In order to validate the performance of proposed method for a PV system, original and unseen datasets have been recorded as a combination of normal and faulty cases by simulating a PV array in the environment of MATLAB/Simulink according to Figure 1. LL faults and normal conditions have been simulated under numerous scenarios, including different environmental conditions, fault impedances, and various mismatch levels. Environmental conditions cover a wide range of irradiance and temperature changes, in which the irradiance range varies from 200 W/m2 to 1000 W/m2, and the temperature range is from 0 °C to 40 °C. Moreover, the range of fault impedance is set to [0 Ω, 25 Ω] with a step of 5 Ω, and the mismatch level varies from 10% to 50% with an increment of 10%. In this research, 433 normal conditions and 570 cases of LL faults have been recorded under the aforementioned scenario’s operation.
After completing the learning process, each layer has been tested by an unseen dataset.

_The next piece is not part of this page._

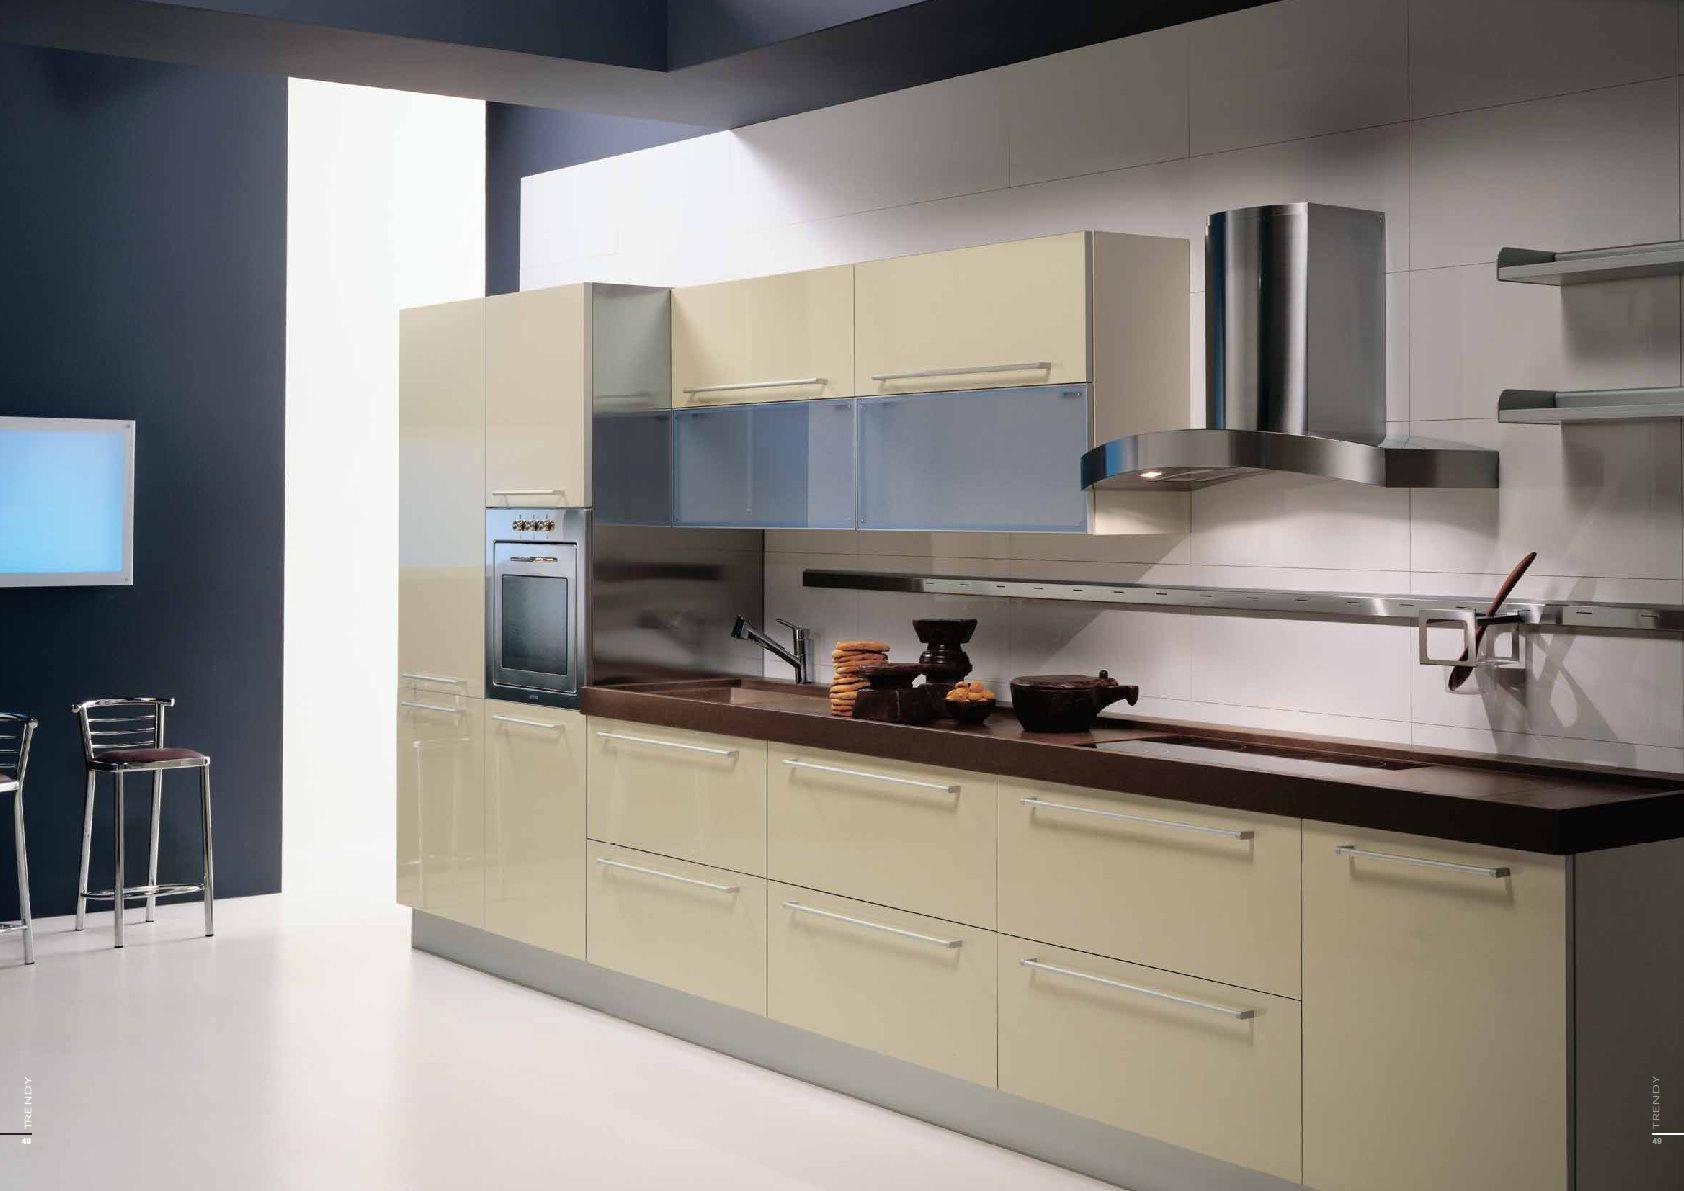 Фото кухни 3 метра в длину дизайн

This dataset was recorded under different conditions and scenarios from the original dataset. These conditions are the combinations of irradiance levels (350, 550, and 850 W/m2), operation temperatures (4, 7, 12, 17, 22, and 27 °C), fault impedances (3, 7, 12, and 17 Ω), and the mismatch level varies from 10% to 50% with an increment of 10%. Therefore, 60 normal conditions and 120 cases of LL faults are obtained by simulation setup in order to make an accurate and reliable assessment of the trained model.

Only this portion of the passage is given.